The Company respectfully proposes to file the amendments to the respective periodic filings referenced above upon confirming that the Company’s proposed amendments as reflected below are sufficient in form and that all of the Commission’s comments related thereto have been resolved. Please advise the Company if the Commission believes that additional comments relating to such periodic reports are to be made by the Commission.
Form 10-K for Fiscal Year Ended December 31, 2007
Section 302 Certification
1. | We note that your Section 302 certification does not comply with the language required by Item 601(31) of Regulation S-K in the following respects: |
· | The head note to paragraph 4 does not include a reference to internal control over financial reporting (as defined in Exchange Act Rules 13a-15(f) and 15d-15(f)) |
· | Paragraph 4(b) as defined in Item 601(31) of Regulation S-K was not included |
Please revise your certification to address each of the matters noted above
I. The head note to paragraph 4 will be changed to read: “4. I am responsible for establishing and maintaining internal disclosure controls and procedures (as defined in Exchange Act Rules 13a-15(e) and 15d-15(e)) and internal control over financial reporting (as defined in Exchange Act Rules 13a-15(f) and 15(d)-15(f)) for the registrant and have:”

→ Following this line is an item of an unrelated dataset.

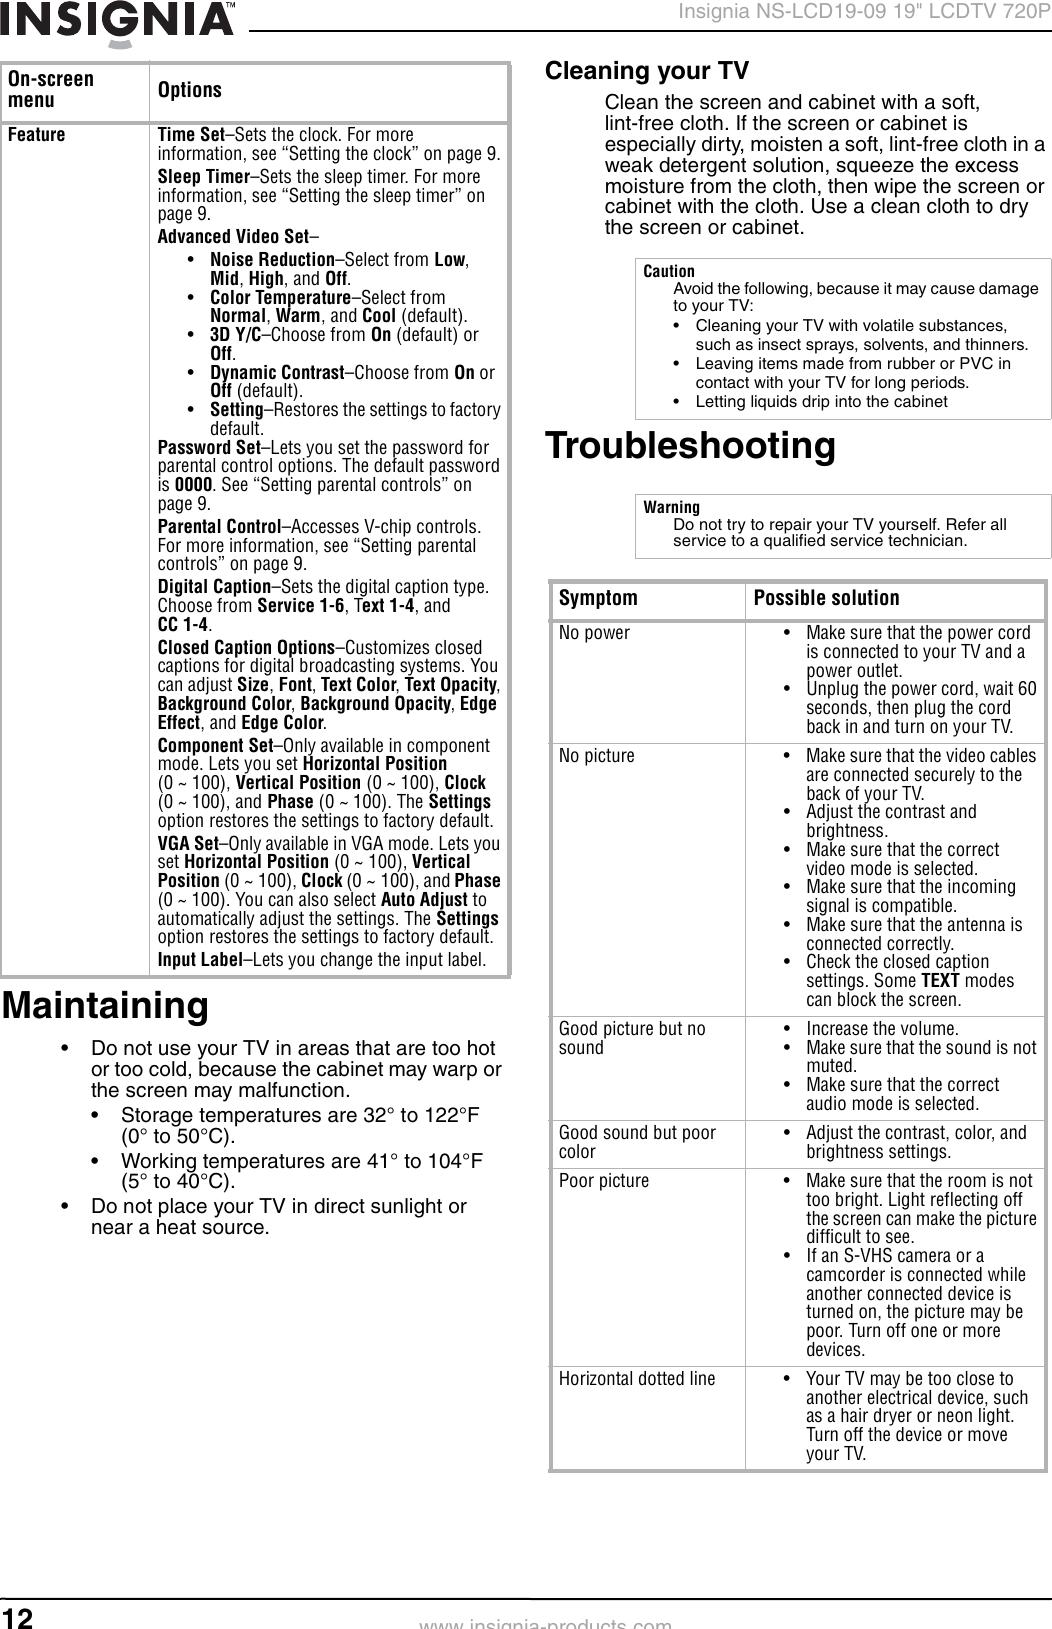 Insignia NS LCD19 09 User Manual To The C439dee2 f730 4e6e

II. Paragraph 4(b) will be replaced with the following: “Designed such internal control over financial reporting, or caused such internal control over financial reporting to be designed under my supervision, to provide reasonable assurance regarding the reliability of financial reporting and the preparation of financial statements for external purposes in accordance with generally accepted accounting principles;”
Form 10-Q for Quarter Ended March 31, 2008
Section 302 Certification
2. | Please revise your filing to address comments above (i.e. 302 Certification) on your Form 10-K for the fiscal year ended December 31, 2007. |
Response: The Company will revise 302 Certification as follows:
I. The head note to paragraph 4 will be changed to read: “4. I am responsible for establishing and maintaining internal disclosure controls and procedures (as defined in Exchange Act Rules 13a-15(e) and 15d-15(e)) and internal control over financial reporting (as defined in Exchange Act Rules 13a-15(f) and 15(d)-15(f)) for the registrant and have:”
II. Paragraph 4(b) will be replaced with the following: “Designed such internal control over financial reporting, or caused such internal control over financial reporting to be designed under my supervision, to provide reasonable assurance regarding the reliability of financial reporting and the preparation of financial statements for external purposes in accordance with generally accepted accounting principles;”
Item 4 – Disclosure Controls and Procedures, page 20
3. | Please revise your filing to disclose whether there were any changes in internal control over financial reporting during the quarter ended March 31, 2008 in accordance with Item 308(c) of Regulation S-K. |
Response: The Company will revise paragraph 2 of its Item Four Disclosure Controls and Procedures to include the following disclosure as a new paragraph following the first paragraph under such Item 4:
During the quarter ended March 31, 2008, there were no changes in our internal control over financial reporting that have materially affected, or are likely to materially affect, our internal control over financial reporting.
In your Closing Comments, you request a statement form the Company acknowledging that: “[1] the company is responsible for the adequacy and accuracy of the disclosure in the filing; [2] staff comments or changes to disclosure in response to staff comments do not foreclose the Commission from taking any action with respect to the filing; and [3] the company may not assert staff comments as a defense in any proceeding initiated by the Commission or any person under the federal securities laws of the United States.”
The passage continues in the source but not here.